Five chapters into Villette, and my question is: who is Lucy Snowe? She’s the main character and narrator of the novel. But I know little else of her. In fact, I feel better acquainted with six year-old Polly and the “rheumatic cripple” Miss Marchmont.
The concrete facts are slim. There’s no mention of her family, save her godmother Mrs. Bretton. “Troubles” sum up the eight years between her departure from Bretton and her employment to Miss Marchmont. It’s hinted she’s wearing a mourning dress and seems “a worn-out creature,” a physical display of these “troubles.” Lucy has “not yet counted twenty-three summers,” she is twenty-two (the same age as I am).
But, I’ll attempt to read between the lines. Lucy is calm, wise, and has so far seemed to act mature. Even her trip to London was well thought out, with a mission. (Although the Aurora Borealis was somewhat the catalyst for this decision.) Observant may be her most prominent characteristic so far, always watching, always listening, always thinking.
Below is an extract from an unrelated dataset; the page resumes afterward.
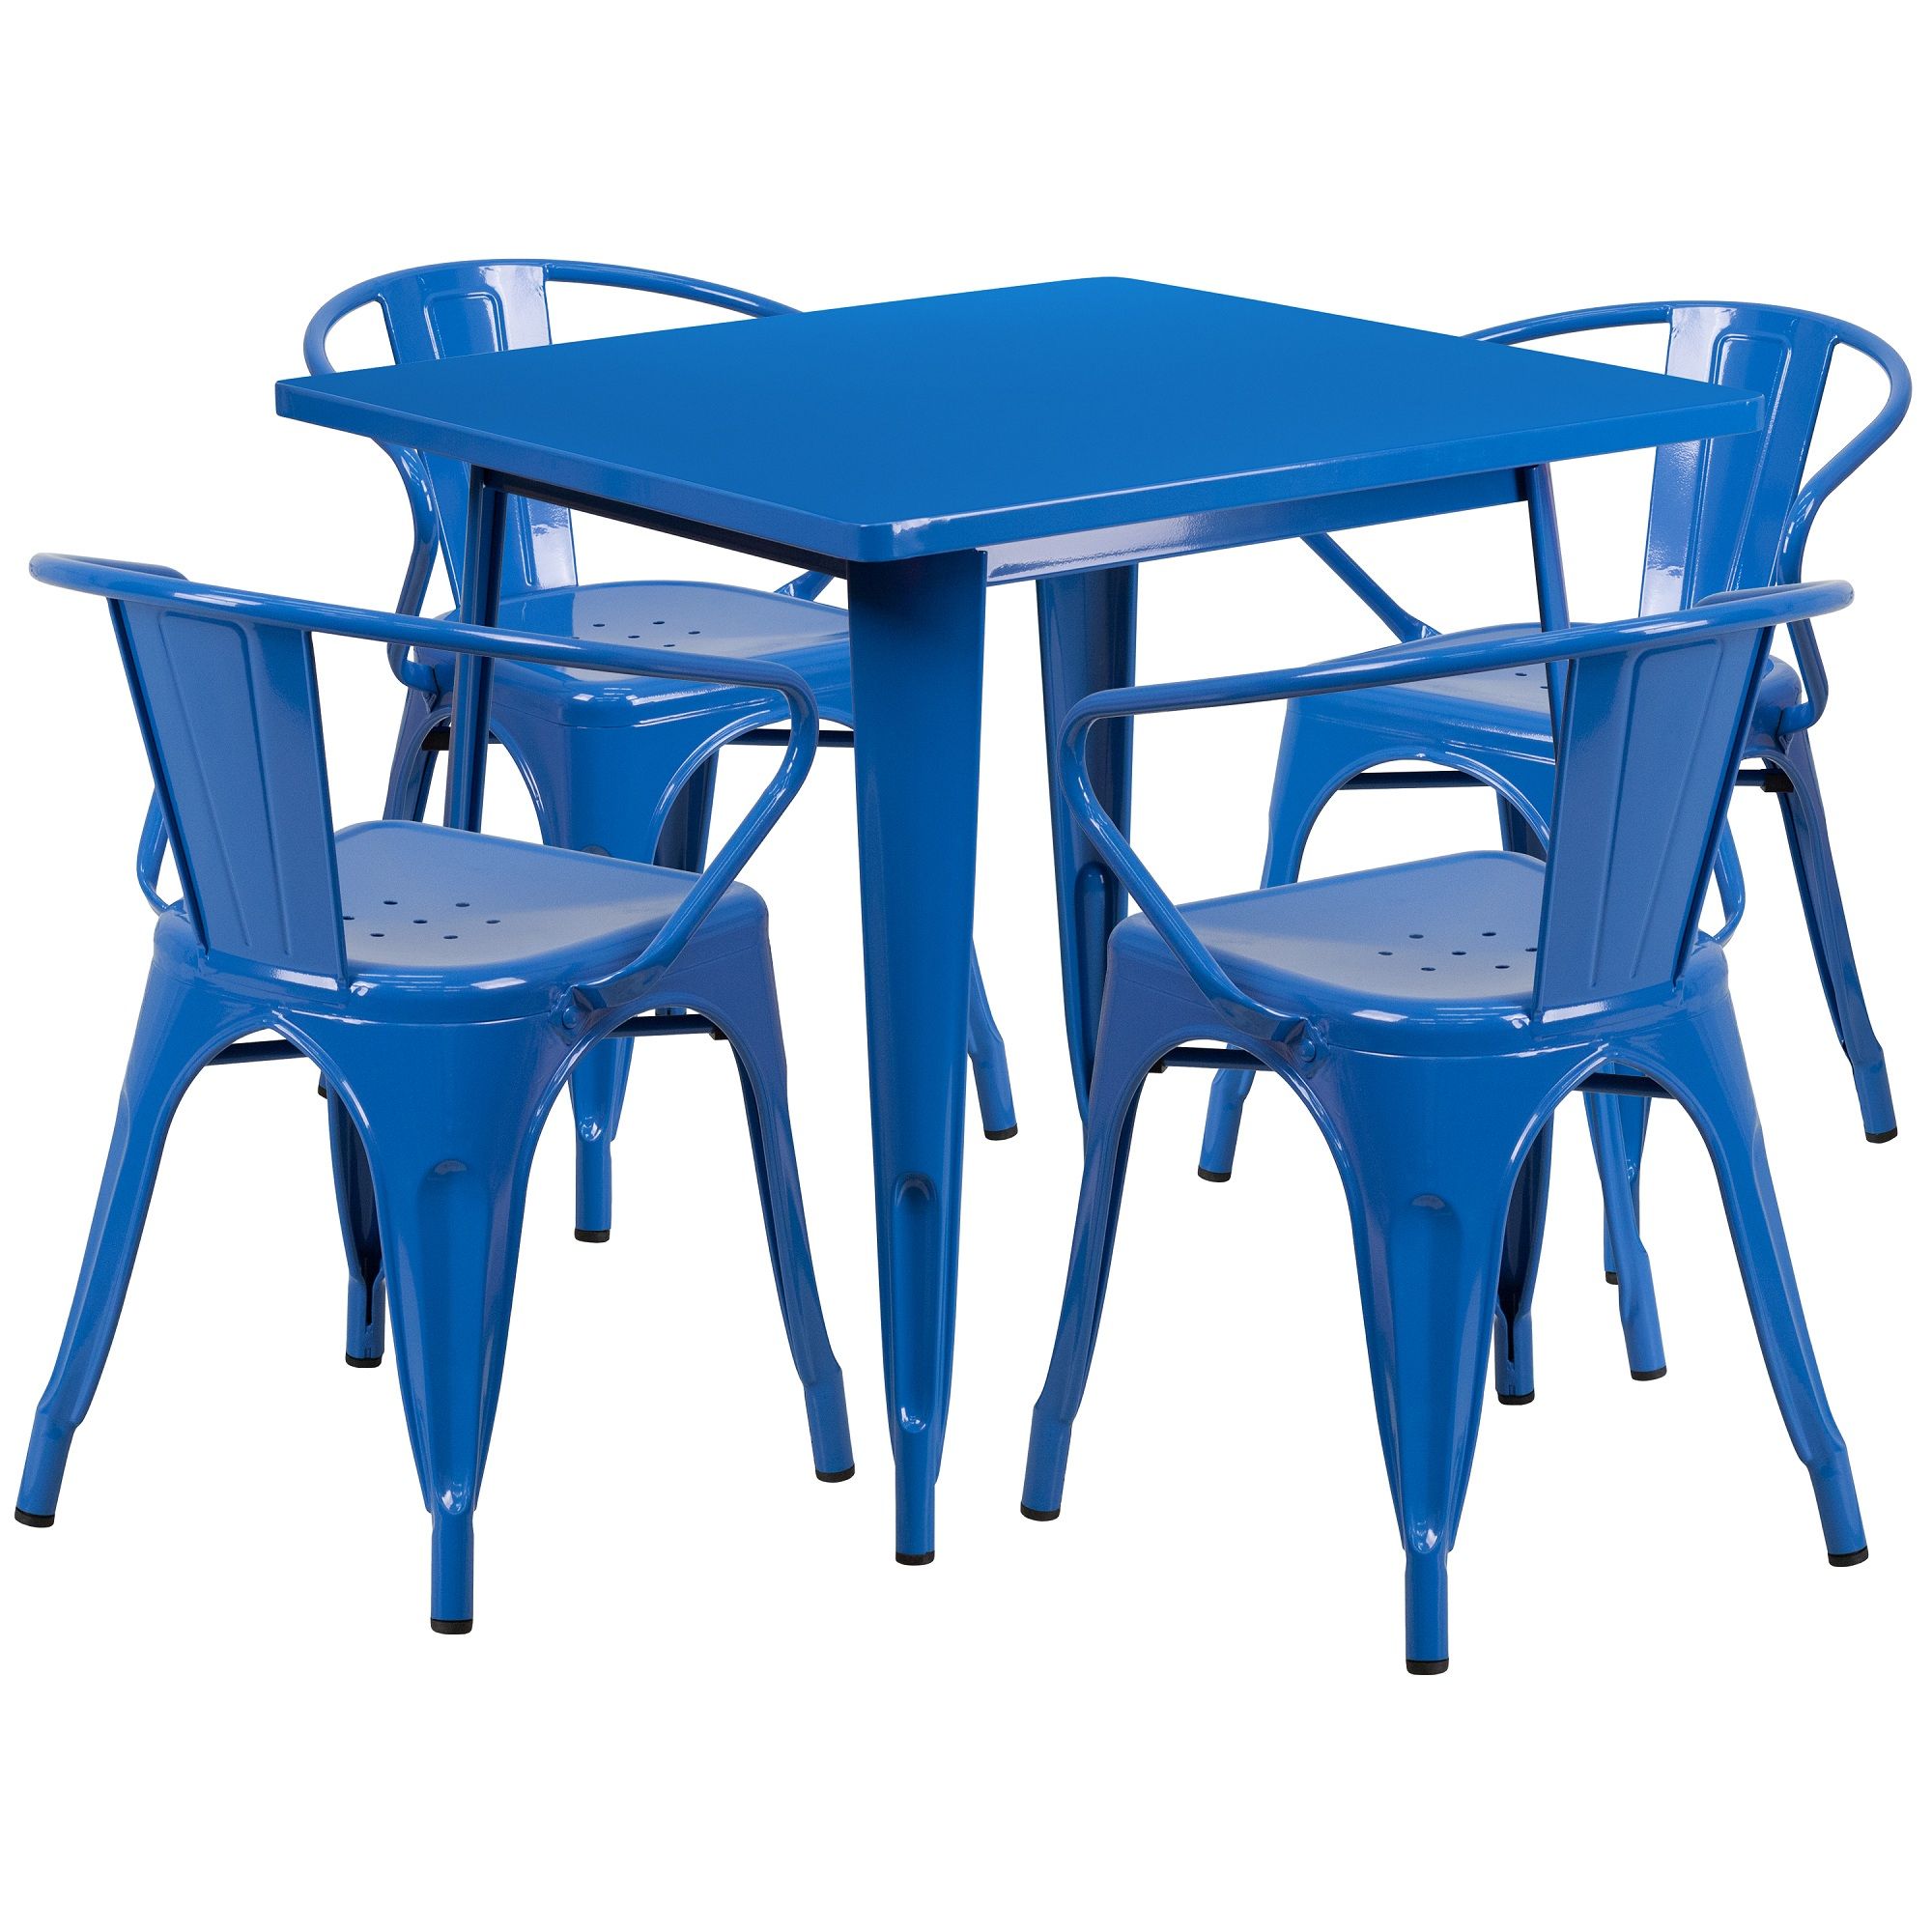 Set Of 5 Blue Square Metal Indoor Outdoor Table With Arm Chair  (View 12 of 15)

And here, I identify with her. This observance tells me of Polly and Miss Marchmont in exacting detail. This observance also blocks me from learning more of Lucy Snowe herself.
Lucy seems to feel a strong connection to, and a strong belief in the power of, nature. During the storm on the last night of Miss Marchmont’s life, she anxiously recalls three previous times when “events had taught me that these strange accents in the storm–this restless, hopeless cry–denote a coming state of the atmosphere unpropitious to life.” She allows the Aurora Borealis lighting up the sky to spark a possible change in her life, a new location: London.